Well for starters here are some things to keep in mind:
This condition can only occur once, yet you test it every time through every loop.
if (x == 0 && y == 0) {
matrix[x][y] = 0;
}
You should instead: matrix[0][0] = 0; right before you enter your first loop and set x to 1. Since you know x will never be 0 you can remove the first part of your second condition x == 0 :
for(int x = 1; x <= i; x++)
{
for(int y = 0; y <= j; y++)
{
if (y == 0) {
matrix[x][y] = 1;
}
else
matrix[x][y] = (matrix[x-1][y] + matrix[x-1][y-1] + matrix[x][y-1])/3;
}
}
No point in declaring row and column since you only use it once. double[][] matrix = new double[i+1][j+1];
This algorithm has a minimum complexity of Ω(n) because you just need to multiply the values in the first column and row of the matrix with some factors and then add them up. The factors stem from unwinding the recursion n times.
However you therefore need to do the unwinding of the recursion. That itself has a complexity of O(n^2). But by balancing unwinding and evaluation of recursion, you should be able to reduce complexity to O(n^x) where 1 <= x <= 2. This is some kind of similiar to algorithms for matrix-matrix multiplication, where the naive case has a complexity of O(n^3) but Strassens's algorithm is for example O(n^2.807).
Another point is the fact that the original formula uses a factor of 1/3. Since this is not accurately representable by fixed point numbers or ieee 754 floating points, the error increases when evaluating the recursion successively. Therefore unwinding the recursion could give you higher accuracy as a nice side effect.
For example when you unwind the recursion sqr(n) times then you have complexity O((sqr(n))^2+(n/sqr(n))^2). The first part is for unwinding and the second part is for evaluating a new matrix of size n/sqr(n). That new complexity actually can be simplified to O(n).
To describe time complexity we usually use a big O notation. It is important to remember that it only describes the growth given the input. O(n) is linear time complexity, but it doesn't say how quickly (or slowly) the time grows when we increase input. For example:
n=3 -> 30 seconds
n=4 -> 40 seconds
n=5 -> 50 seconds
This is O(n), we can clearly see that every increase of n increases the time by 10 seconds.
n=3 -> 60 seconds
n=4 -> 80 seconds
n=5 -> 100 seconds
This is also O(n), even though for every n we need twice that much time, and the raise is 20 seconds for every increase of n, the time complexity grows linearly.
So if you have O(n*n) time complexity and you will half the number of operations you perform, you will get O(0.5*n*n) which is equal to O(n*n) - i.e. your time complexity won't change.
This is theory, in practice the number of operations sometimes makes a difference. Because you have a grid n by n, you need to fill n*n cells, so the best time complexity you can achieve is O(n*n), but there are a few optimizations you can do:
Cells on the edges of the grid could be filled in separate loops. Currently in majority of the cases you have two unnecessary conditions for i and j equal to 0.
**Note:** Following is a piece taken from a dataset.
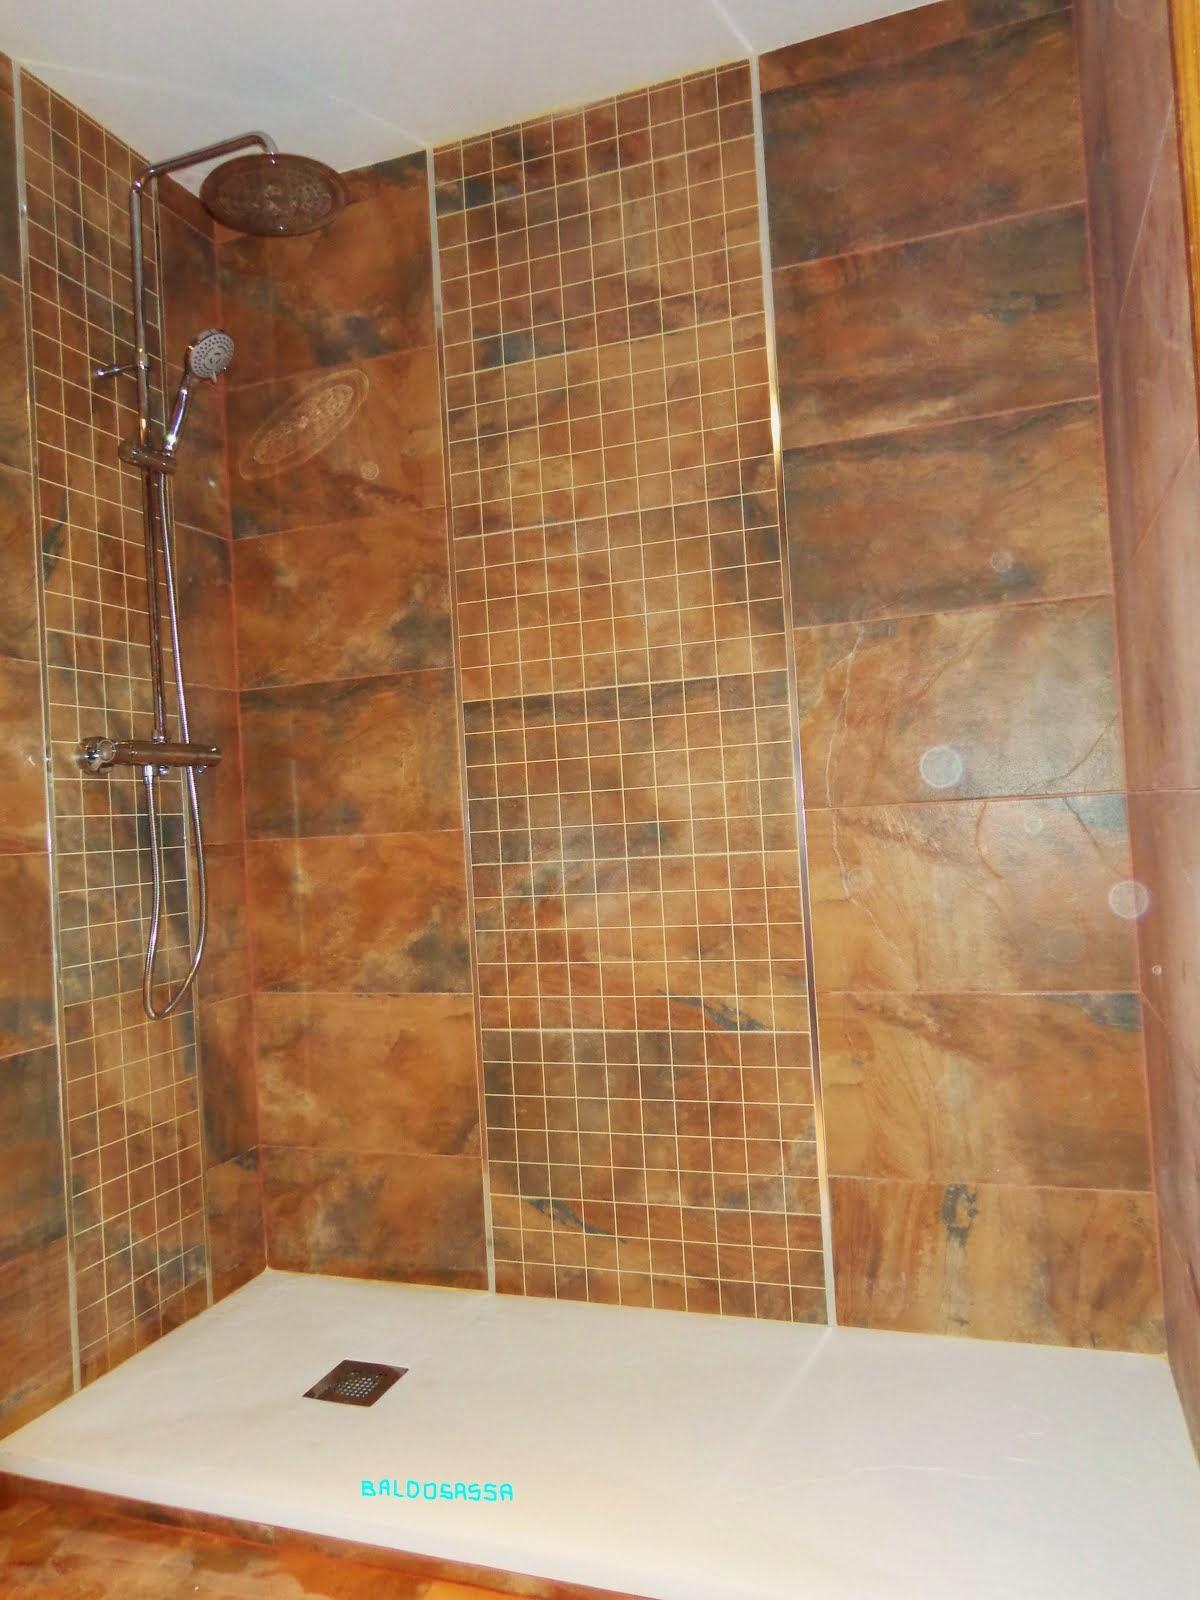 Baldosassa fotos e imagenes de platos de ducha - Precio baldosas bano ...

You grid has a line of symmetry, you could utilize it to calculate only half of it and then copy the results onto the other half. For every i and j grid[i][j] = grid[j][i]
On final note, the clarity and readability of the code is much more important than performance - if you can read and understand the code, you can change it, but if the code is so ugly that you cannot understand it, you cannot optimize it. That's why I would do only first optimization (it also increases readability), but wouldn't do the second one - it would make the code much more difficult to understand.
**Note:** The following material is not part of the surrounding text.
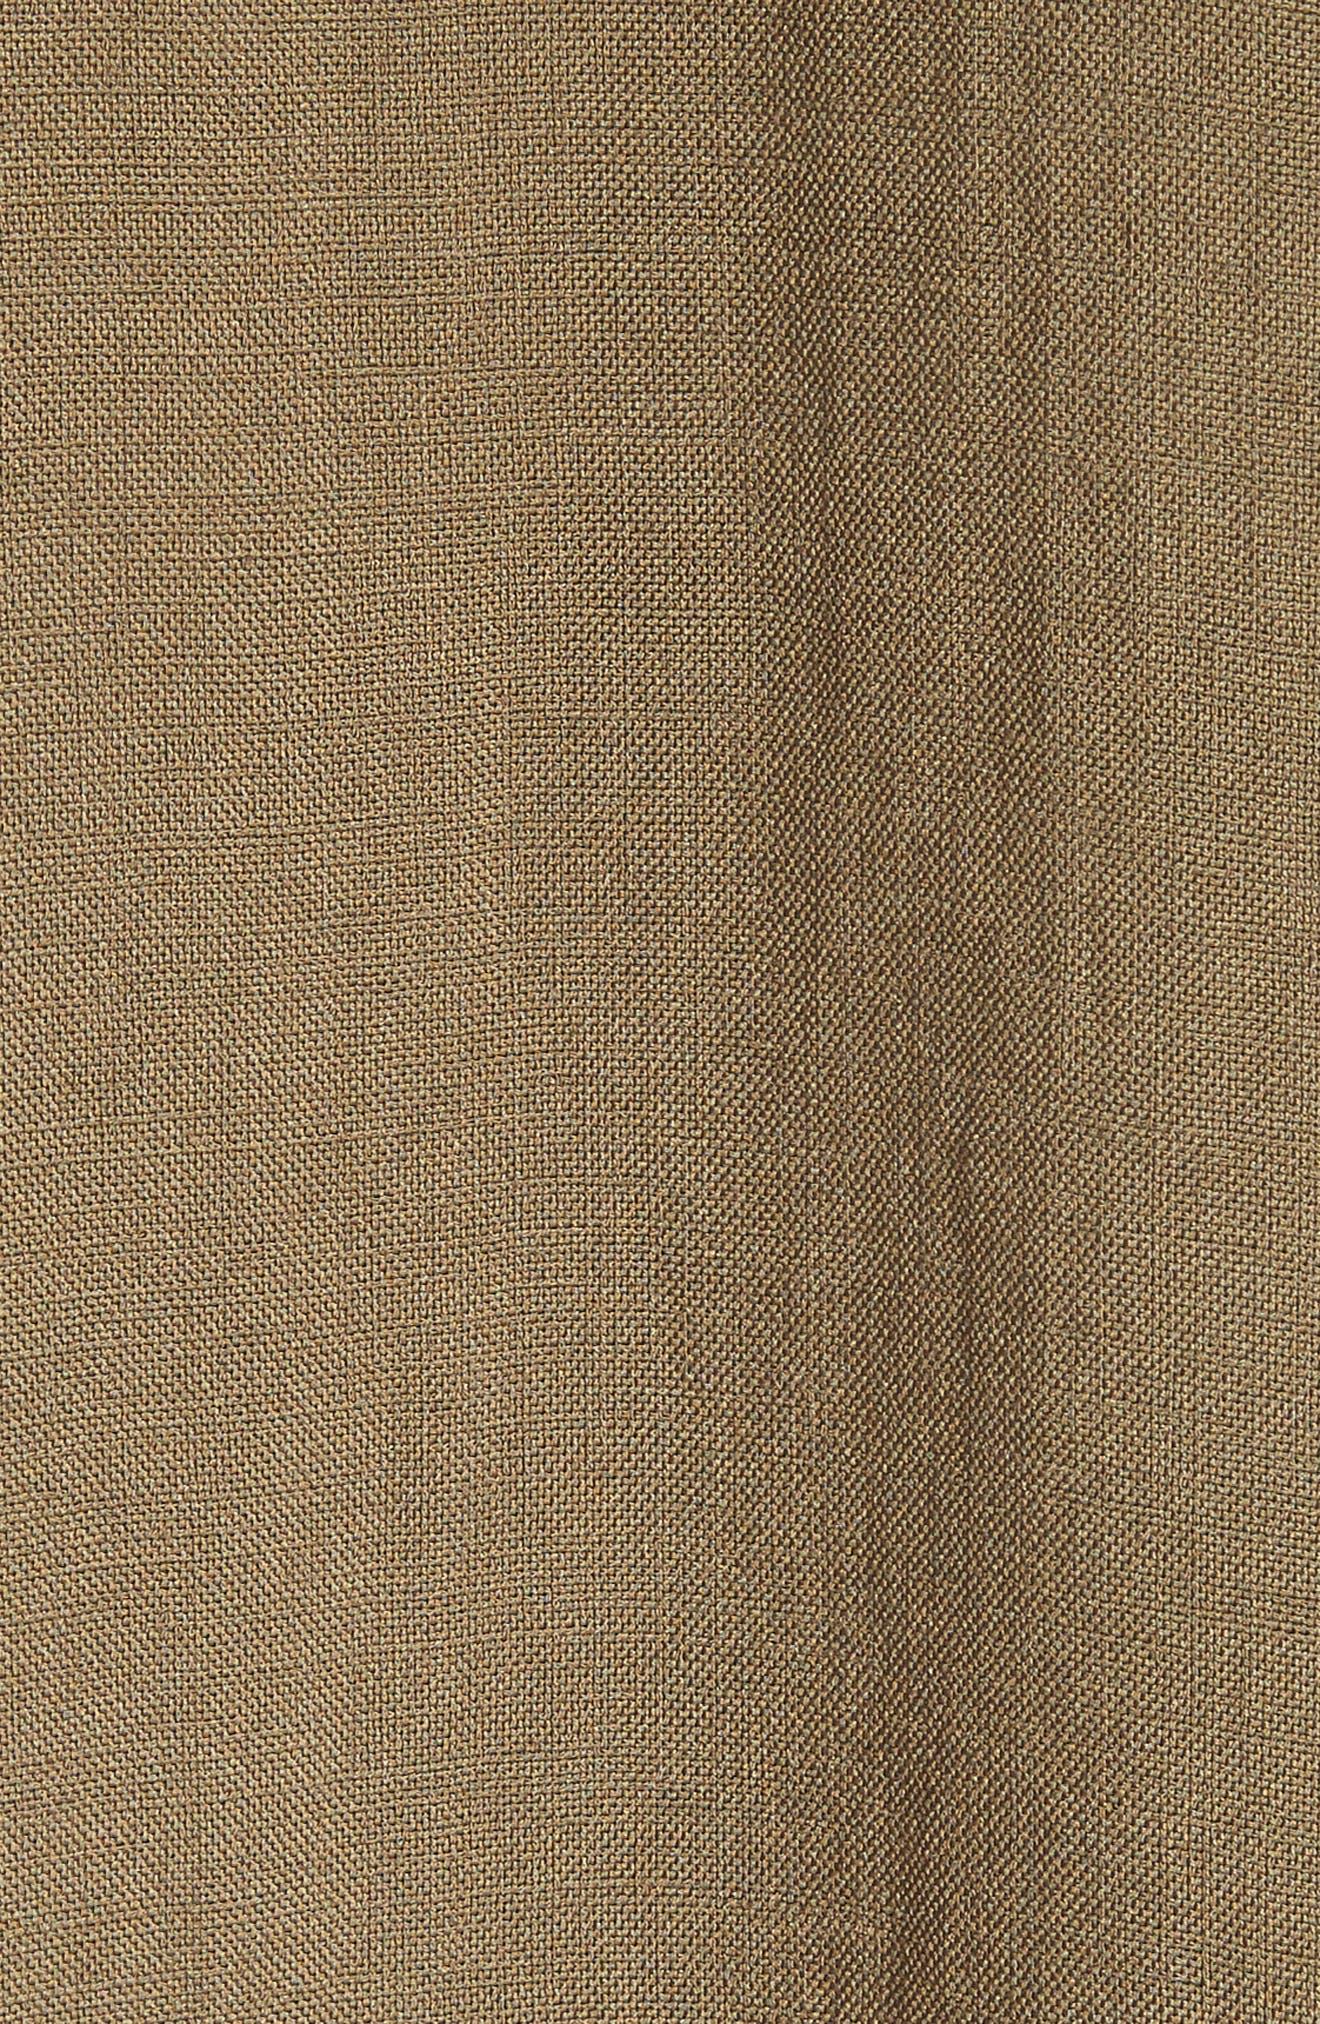 Grant Altruistic Cloth Jacket,                             Alternate thumbnail 6, color,                             342

As a rule of thumb, don't optimize the code, unless the performance is really causing problems. As William Wulf said:
More computing sins are committed in the name of efficiency (without necessarily achieving it) than for any other single reason - including blind stupidity.
EDIT:
I think it may be possible to implement this function with O(1) complexity. Although it gives no benefits when you need to fill entire grid, with O(1) time complexity you can instantly get any value without having a grid at all.
A few observations:
denominator is equal to 3 ^ (i + j - 1)
if i = 2 or j = 2, numerator is one less than denominator
EDIT 2:
The numerator can be expressed with the following function:
public static int n(int i, int j) {
if (i == 1 || j == 1) {
return 1;
} else {
return 3 * n(i - 1, j - 1) + n(i - 1, j) + n(i, j - 1);
}
}
Very similar to original problem, but no division and all numbers are integers.
If the question is about how to output all values of the function for 0<=i<N, 0<=j<N, here is a solution in time O(N²) and space O(N). The time behavior is optimal.
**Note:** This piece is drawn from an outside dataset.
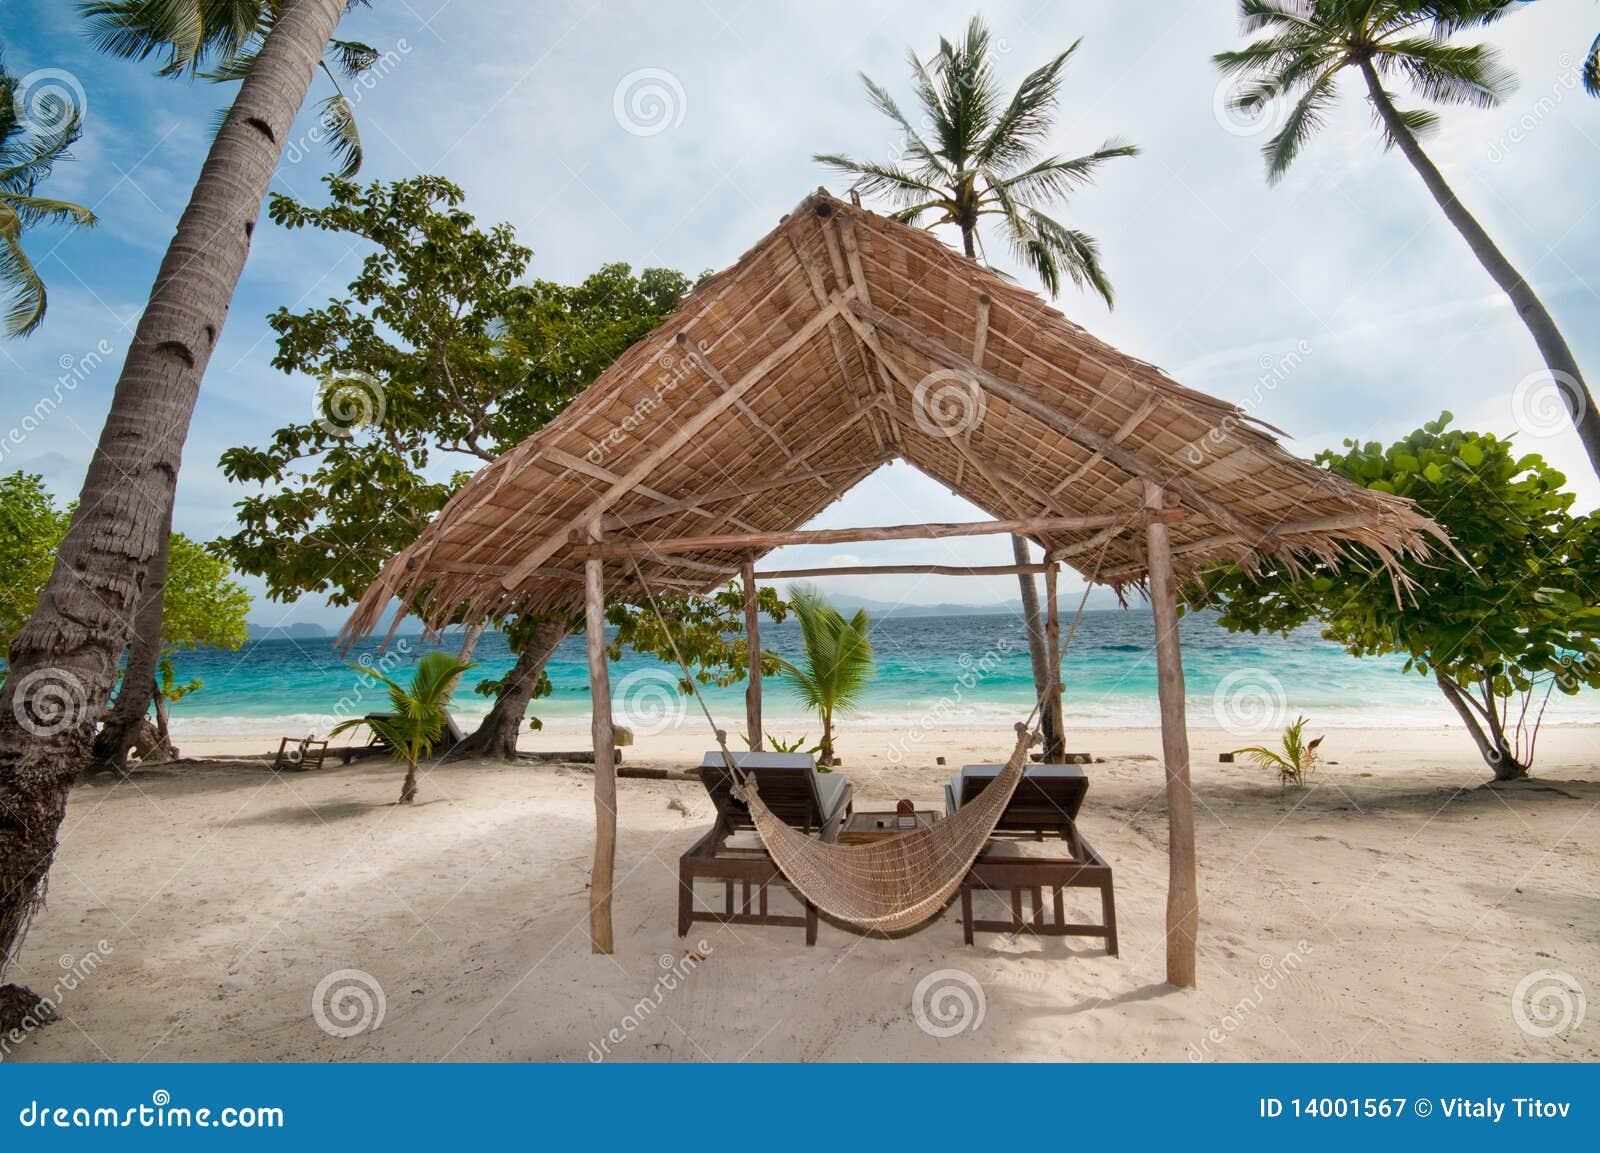 Tropical Island Beach Hut: Tropical Hut Royalty Free Stock Photography

Use a temporary array T of N numbers and set it to all ones, except for the first element.
Then row by row,
use a temporary element TT and set it to 1,
then column by column, assign simultaneously T[I-1], TT = TT, (TT + T[I-1] + T[I])/3.
Thanks to will's (first) answer, I had this idea:
Consider that any positive solution comes only from the 1's along the x and y axes. Each of the recursive calls to f divides each component of the solution by 3, which means we can sum, combinatorially, how many ways each 1 features as a component of the solution, and consider it's "distance" (measured as how many calls of f it is from the target) as a negative power of 3.
JavaScript code:
function f(n){
var result = 0;
for (var d=n; d<2*n; d++){
var temp = 0;
for (var NE=0; NE<2*n-d; NE++){
temp += choose(n,NE);
}
result += choose(d - 1,d - n) * temp / Math.pow(3,d);
}
return 2 * result;
}
function choose(n,k){
if (k == 0 || n == k){
return 1;
}
var product = n;
for (var i=2; i<=k; i++){
product *= (n + 1 - i) / i
}
return product;
}
Output:
for (var i=1; i<8; i++){
console.log("F(" + i + "," + i + ") = " + f(i));
}
F(1,1) = 0.6666666666666666
F(2,2) = 0.8148148148148148
F(3,3) = 0.8641975308641975
F(4,4) = 0.8879743941472337
F(5,5) = 0.9024030889600163
F(6,6) = 0.9123609205913732
F(7,7) = 0.9197747256986194
I'm a high school Computer Science student, and today I was given a problem to:
Program Description: There is a belief among dice players that in
throwing three dice a ten is easier to get than a nine. Can you write
a program that proves or disproves this belief?
Have the computer compute all the possible ways three dice can be
thrown: 1 + 1 + 1, 1 + 1 + 2, 1 + 1 + 3, etc. Add up each of these
possibilities and see how many give nine as the result and how many
give ten. If more give ten, then the belief is proven.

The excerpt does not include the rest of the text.